He was small in stature – a little over five foot-two – but with a huge appetite for life and for his fellow man. This joie de vivre shone through his work, which was in truth merely another hobby alongside his passion for classical music and literature, for he spent over thirty-five years on his true vocation in life, teaching the young apprentices of the Manchester engineering firm Mather and Platt.
Fortunate indeed were the young men who were introduced to industry – nay, given a grounding in life itself – by this superb sportsman who was given his nom de plume by virtue of his having represented England at amateur level shortly before the First World War put paid to his serious playing ambitions. He was a right-winger of considerable dash and panache who played for Northern Nomads. In summer when he graduated from the Bolton League to Old Trafford and Lancashire, there was no finer cover point.
Don Davies brilliantly brought football matches to life both in print and by the spoken word, none more so than when he was describing the exploits of Matt Busby’s young Manchester United Red Devils, for he felt an affinity with the methods Busby employed in overseeing the progress of these young ambassadors for English football in Europe. Here was how he ended his final ever match report in the Manchester Guardian, with United leading Red Star 3-1 in their final fateful game in Belgrade in February 1958:
…. “ the Red Star players completely lost their poise for a while; their forwards flung themselves heatedly against a defence as firm and steady as a rock; even Sekularac, after a bright beginning in which he showed his undoubted skill, lost heart visibly and stumbled repeatedly. Nevertheless there was an upsurge of the old fighting spirit when Costic scored a fine goal for Red Star two minutes after half-time. It ought to have been followed by a second one three minutes later when Secularac placed the ball perfectly. Costic’s terrific shot cleared the bar by a foot, no more Next a curious mix-up by Foulkes and Tasic, Red Star’s centre-forward, ended in Foulkes falling flat on top of Tasic, and blotting him completely from view. According to Foulkes, Tasic lost his footing, fell over and pulled Foulkes over with him, but it looked more than that and the whistle blew at once with attendant gestures, indicating a penalty. Tasic had the satisfaction of converting that one although his shot only just evaded Gregg’s fingertips.

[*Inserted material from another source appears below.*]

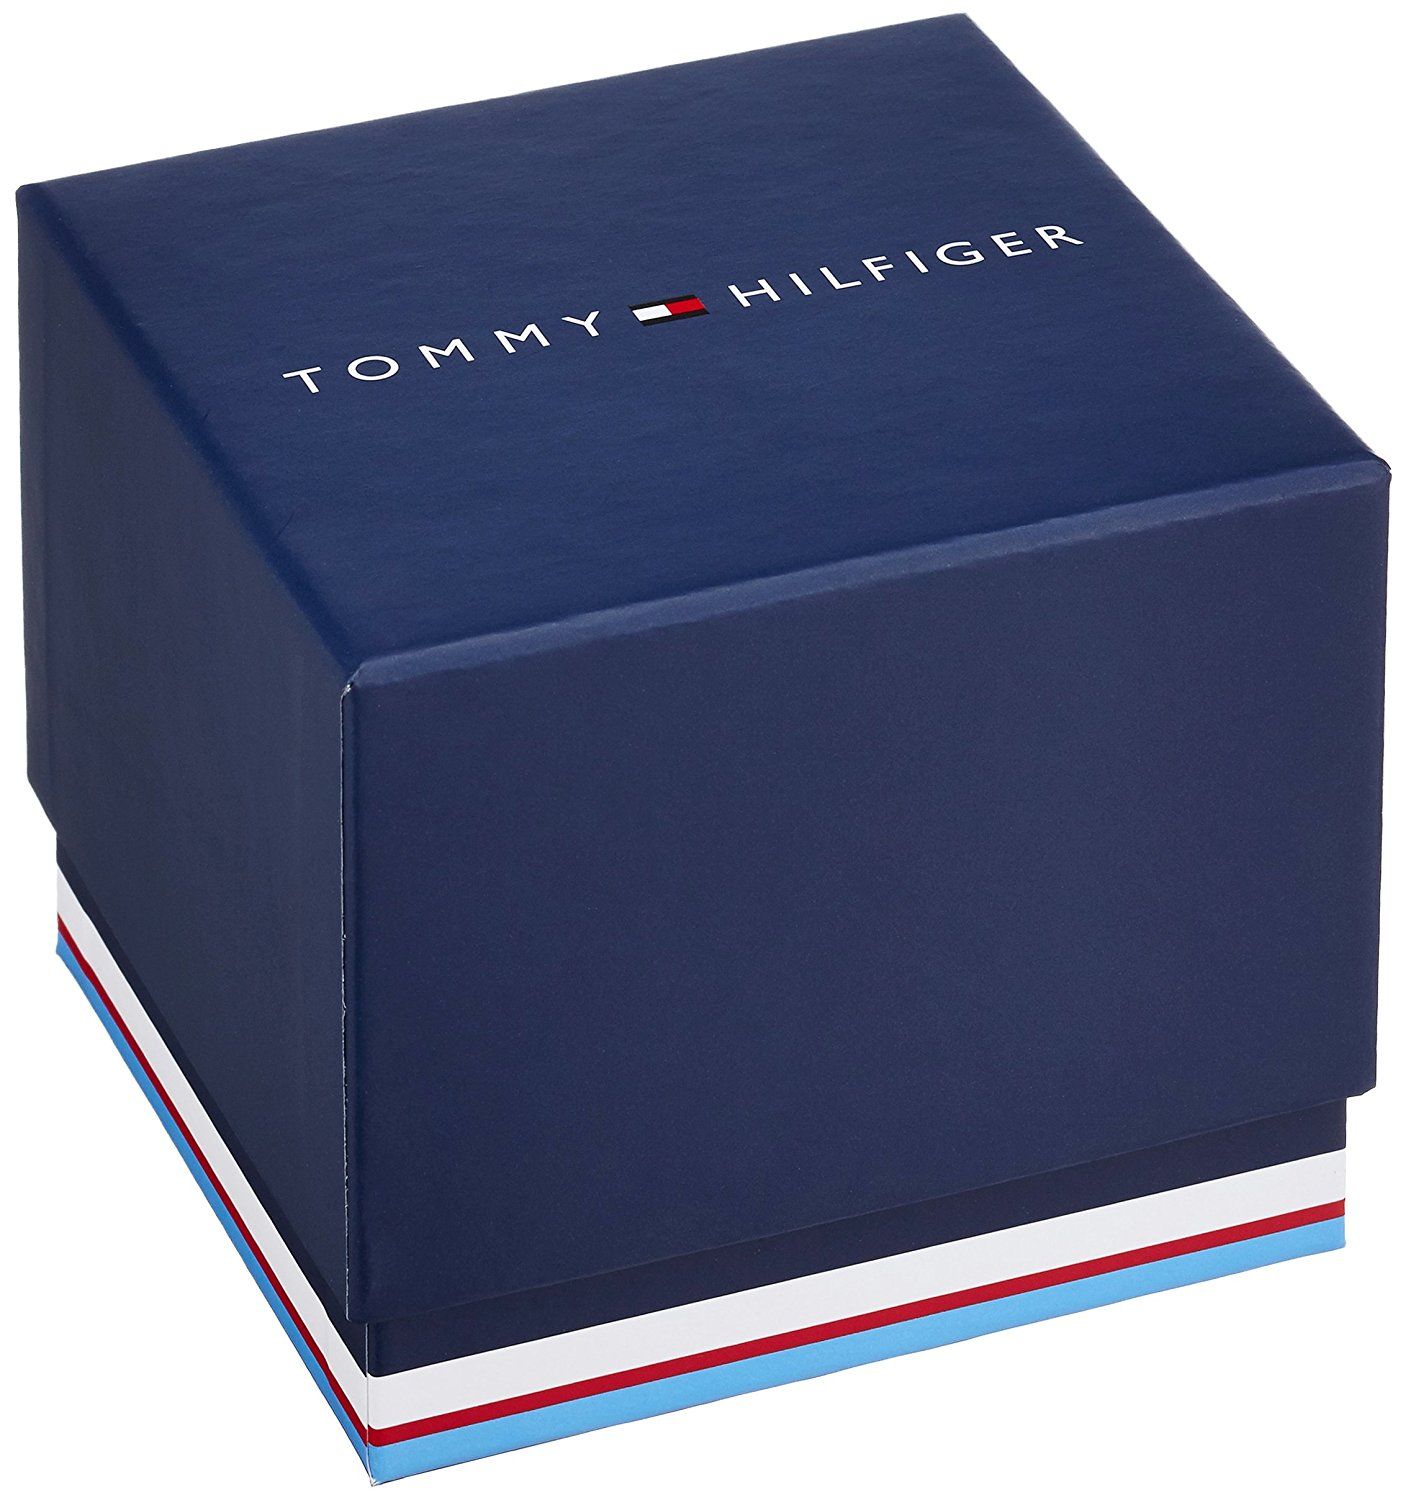 This Tommy Hilfiger Baker Multi Dial Watch for Men is the perfect timepiece to wear or to gift. It's Silver 44 mm Round case combined with the comfortable Silver Stainless steel will ensure you enjoy this stunning timepiece without any compromise. Operated by a high quality Quartz movement and water resistant to 5 bars, your watch will keep ticking. This watch is suitable for every occasion, whether you are at work, leisure or at the banquet and so on. -The watch has a calendar function: Day-Date, 24-hour Display. High quality 21 cm length and 20 mm width. Silver Stainless steel strap with a Fold over with push button clasp. Case diameter: 44 mm, case thickness: 10 mm, case colour: Silver and dial colour: Blue

The score was now 3-2 and the crowd broke into an uncontrolled frenzy of jubilation and excitement. So much so that when Costic failed to walk the ball into a goal that was completely unprotected – Gregg was lying hurt and helpless on the floor – a miniature repetition of the Bolton disaster seemed to occur at one corner of the arena. Down the terraces streamed a wild horde of excited spectators, eager to help Costic administer the final touch, and dozens of spectators hung limply along the concrete walls with the breath crushed out of their bodies, if indeed nothing worse had befallen them. A quarter of an hour from the end Red Star, with their confidence and self-respect restored, were wheeling, curvetting, passing and shooting in their best style and United’s defenders had to fight their way out of a regular nightmare of desperate situations. It was significant hereabouts that United’s inside-forwards were not coming back to chase the ball as they had done so effectively in the first half, and this, of course, threw added pressure on the rearguard. As soon as this fault was rectified the Red Star attacks, though frequent enough, lost something of their sting; in fact United began to pile on the pressure at the other end, and once Morgans struck the post with a glorious shot. Then we saw as brilliant and at the same time as unlucky a save as Gregg may ever experience. In dashing out and snatching the ball from Tasic’s feet on the fringe of the penalty area Gregg had the misfortune to roll forward still holding the ball and so handle it outside the area. Costic’s free-kick (according to Viollet) struck the side of Viollet’s head and gained thereby a tricky curve that Gregg could only palm the ball into the net, to make it three all. The Yugoslavians’ tails were up with a vengeance and only one goal was required to enforce the dearly sought replay. But only three minutes remained for play and Jones, Foulkes, Byrne, Edwards and Colman, who had played magnificently throughout, as had the rest, saw to it that that goal never materialised.”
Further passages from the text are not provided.